Однако время уж подходит к четырём, никто не едет, мягкая тишина стоит в доме, охраняя покой его и благополучие. Спокойна и сама хозяйка, она в любую минуту может заняться чем угодно: включить музыку, взять книгу, сесть за вязанье, выйти в сад, который вовсе не сад, скорее, маленький парк или сквер с зелёными травянистыми или коричневыми от палого листа и игл лужайками, желтеющими ивами, разноцветными в эту пору клёнами, зеленью сосен и пихт. Сквер со стоящим почти в центре его домом окружён металлической высокой изгородью, звенья которой тонки, если это и защита от бушующего за её пределами беспредельного времени, но внешне она совершенно ненадёжна. От широких, ажурных, закрытых теперь на смешной старый висячий замок металлических ворот, идёт в сторону станции песчаная грунтовая дорога, она ровно выпукла на обе стороны, грязи на ней не бывает, даже после затяжных дождей.
Любовь Николаевна недовольна собой: уж пора ей прекратить без дела слоняться по дому, мало ли отчего они могли задержаться, столько ли ей приходилось в её жизни ждать, бывало, что совершенно безо всякой надежды, или в раскаянном согласии, что да, она испортила всё сама, только одна она во всём виновата, или в сжигающей дотла тревоге, беспричинной, но закаляющей терпение. Как ошибаются люди, думающие, что терпение это что-то мягкое, соглашающееся со всем. Да напротив, терпение это прошедший через самый жгучий огонь металл, которого не покоробит ничто зряшное, случайное. Вот, кажется, подъехала к воротам машина, как хочется вскочить со стула и кинуться к окну.
... Она не кинулась к нему тогда, когда он нашёл её уже в предутреннем, но тёмном ещё театральном сквере. Была почти весна, было почти тепло, она не знала, зачем пришла в этот сквер, не помнила, как пришла, наверно, она шла всю ночь, а зачем она шла и куда, не знала.

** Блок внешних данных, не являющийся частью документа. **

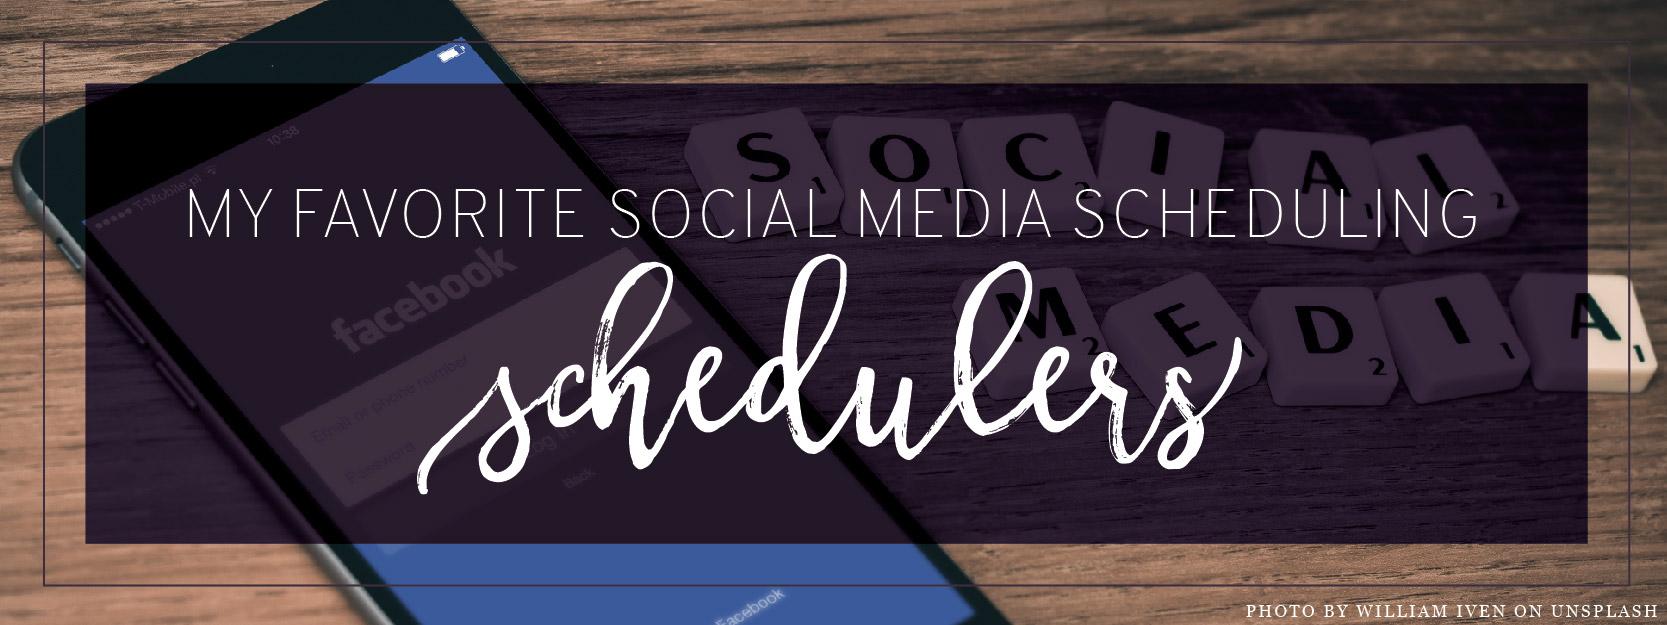 Favorite Social Media Schedulers Header

-- Возможно ли быть такой дурой? -- Он никогда не разговаривал с нею так грубо, он ни разу на неё так не кричал; моросил то ли снег, то ли дождь, а ей было жарко, она буквально задыхалась от жары в своём тоненьком пальтишке, становящемся с каждым днём всё теснее. -- Я прилетел три дня назад. Я был в техникуме. Я нашёл твоих родителей! Ты могла позвонить? Где ты была?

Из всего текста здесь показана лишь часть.